Exercise data:
◇ ◇ ◇ ◇
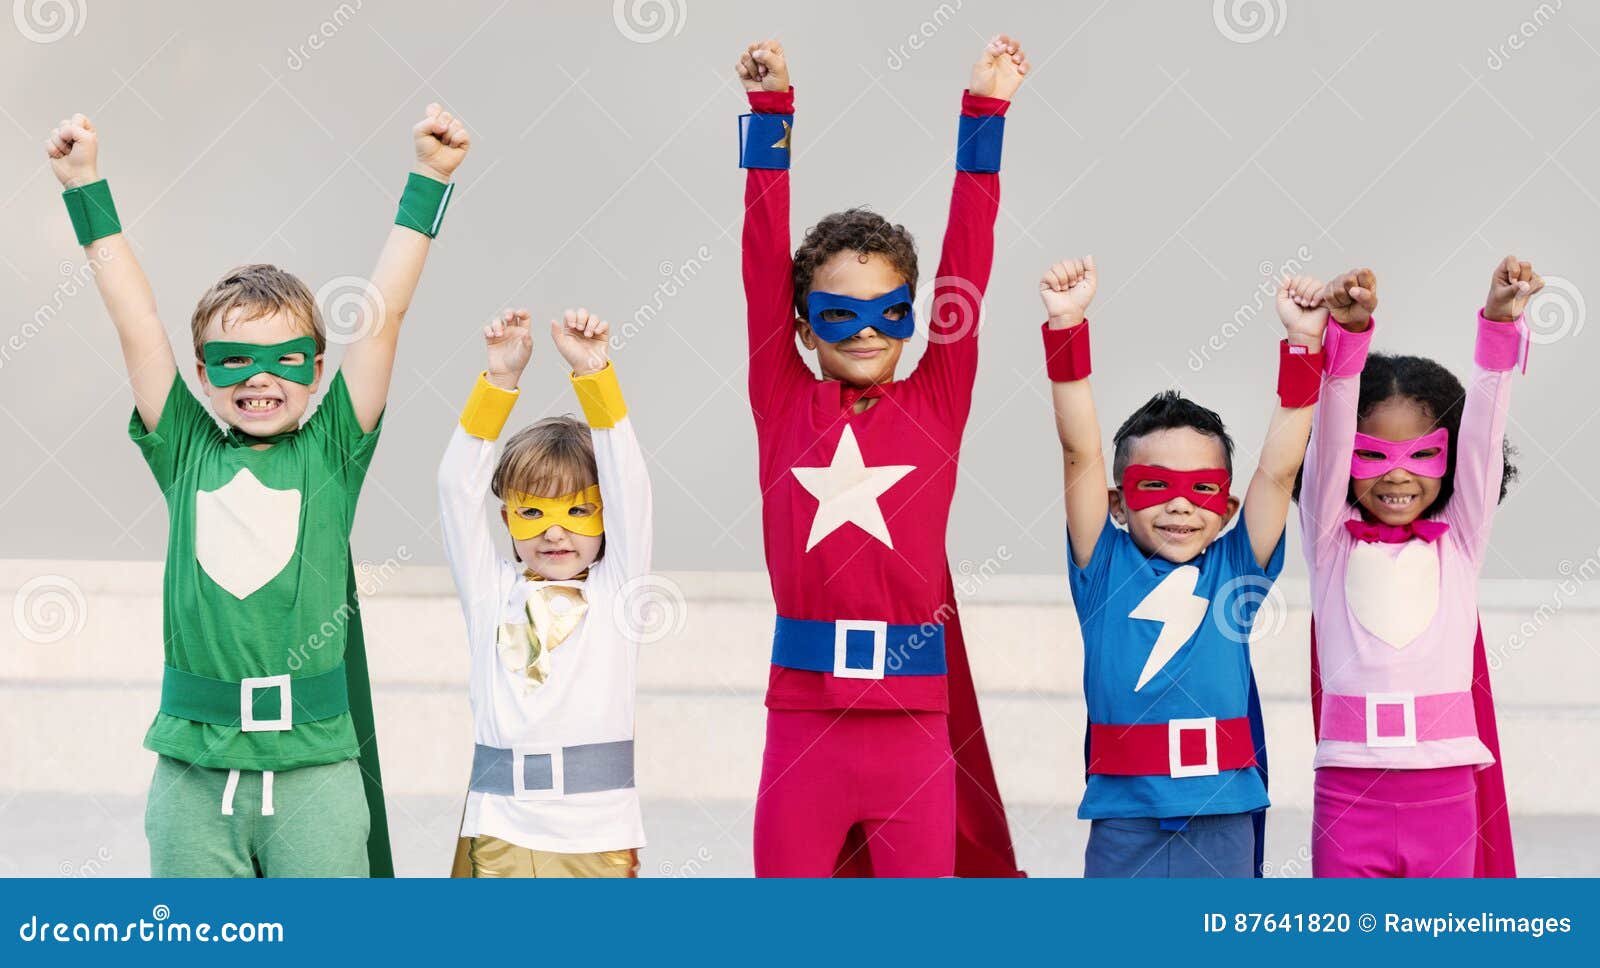 superheroes cheerful kids expressing positivity concept
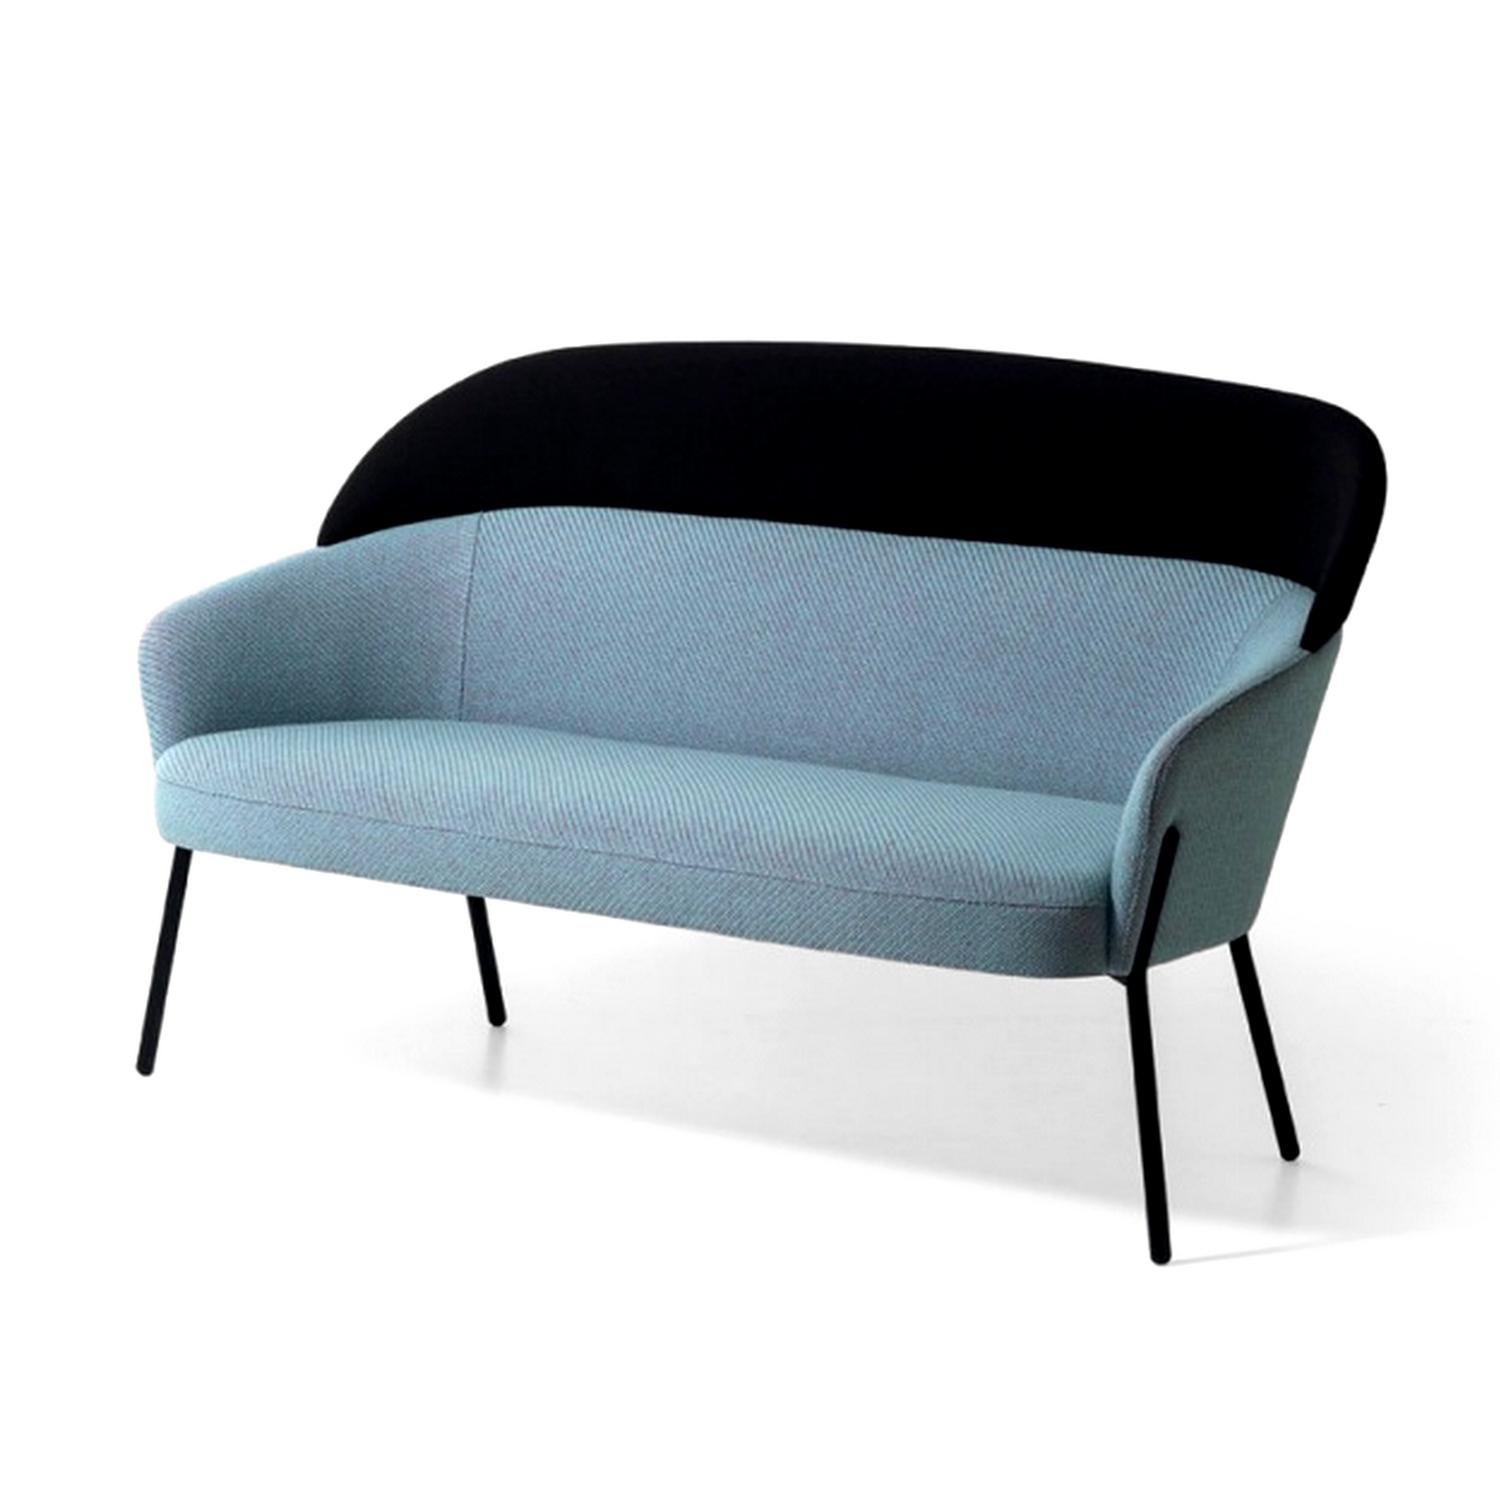 Modern Wam Blue Sofa, Designed by Marco Zito, Made in Italy For Sale
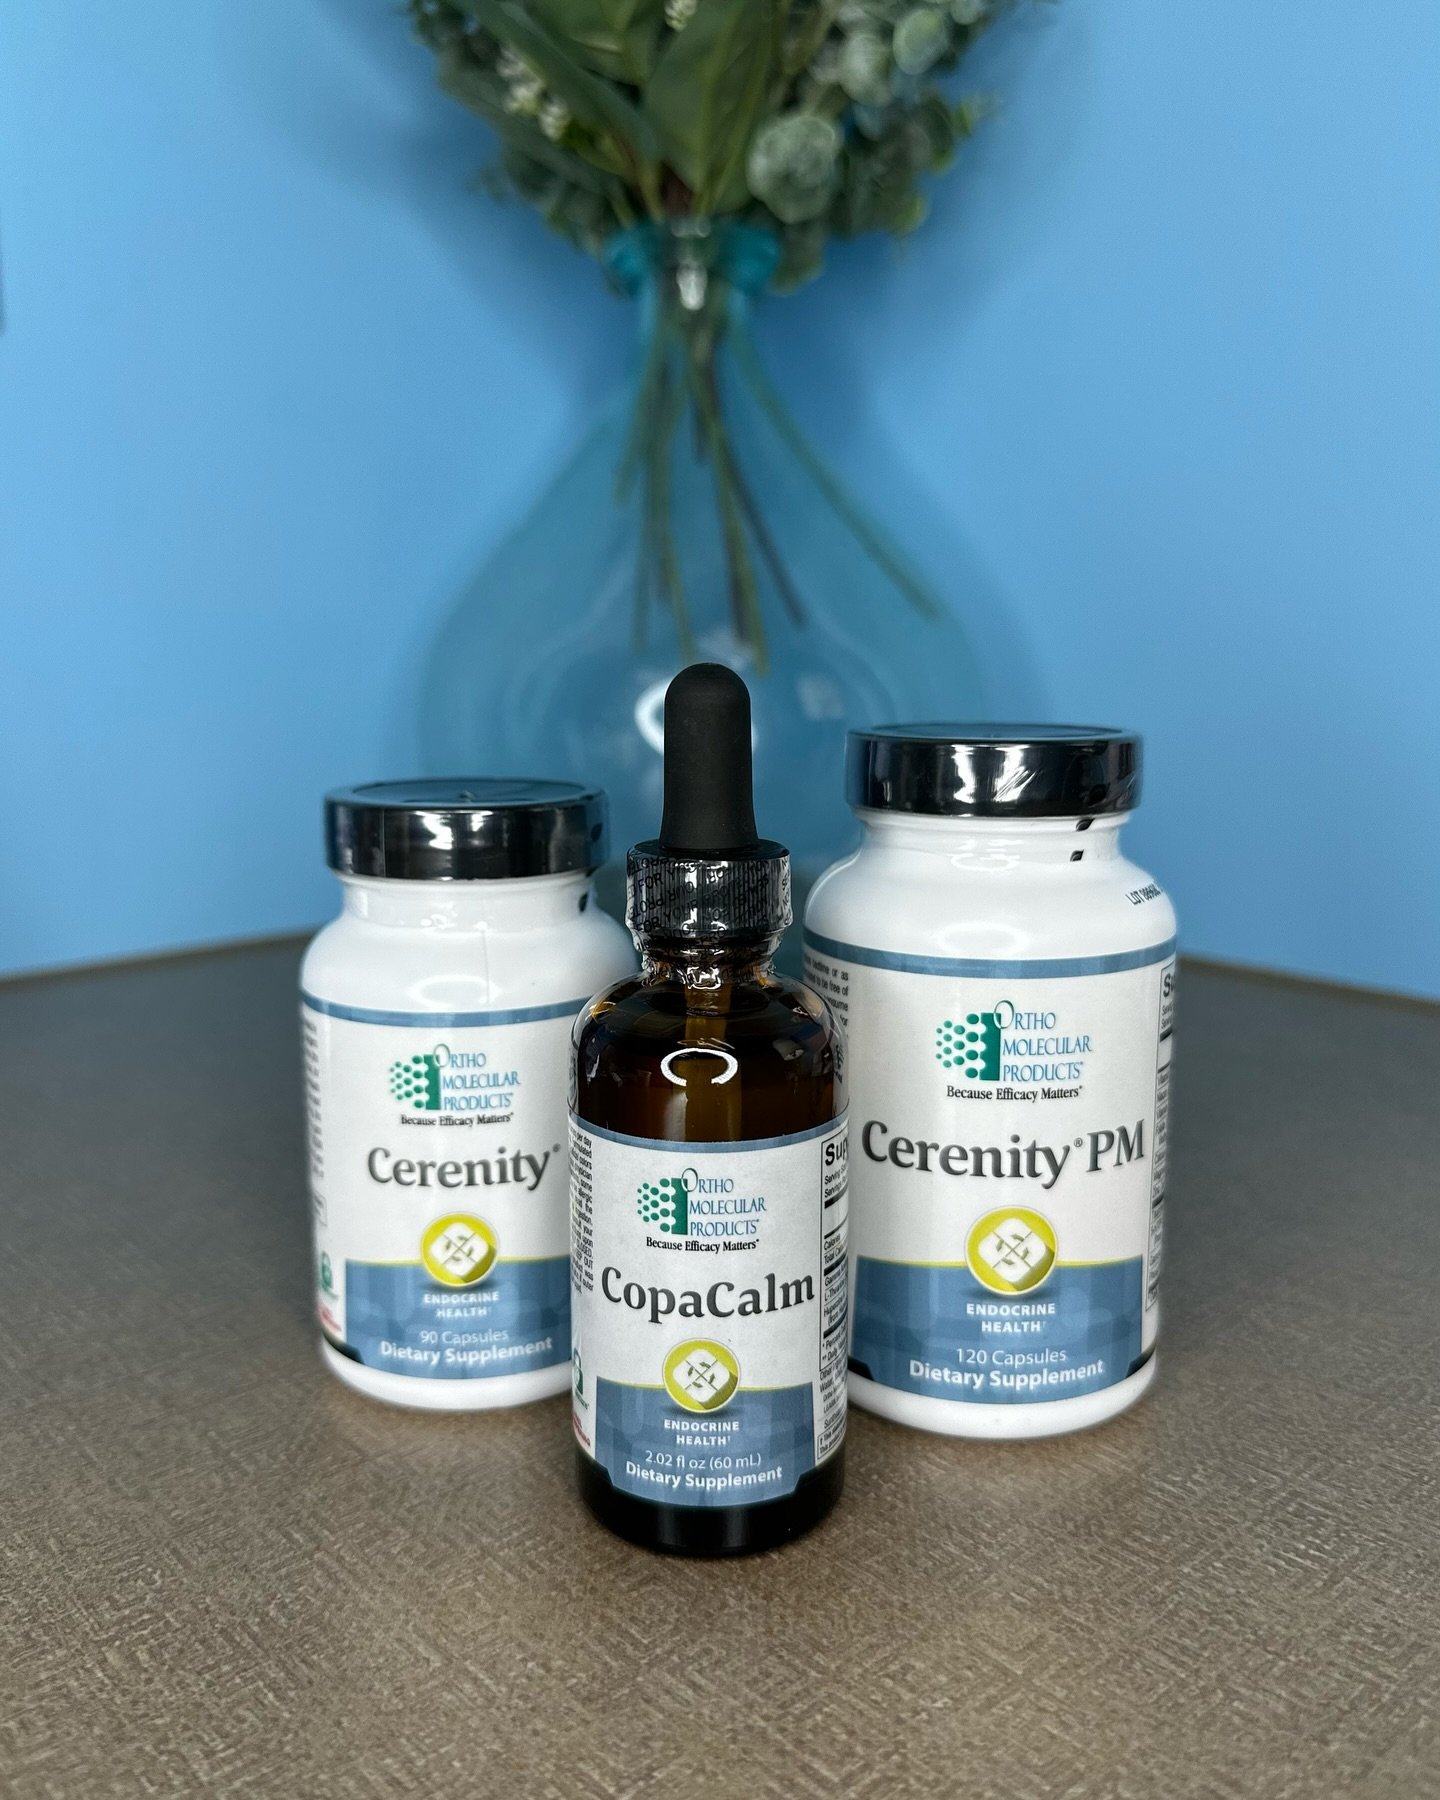 May Specials - 20% OFF!! 
&bull; Cerenity
&bull; CopaCalm
&bull; Cerenity PM
Order on our website - quick shipping!! www.excellforlife.com
◇ ◇ ◇ ◇
Assignment: Every line in the listing that holds the string "bull" should be copied out.

Task solution:
&bull; Cerenity
&bull; CopaCalm
&bull; Cerenity PM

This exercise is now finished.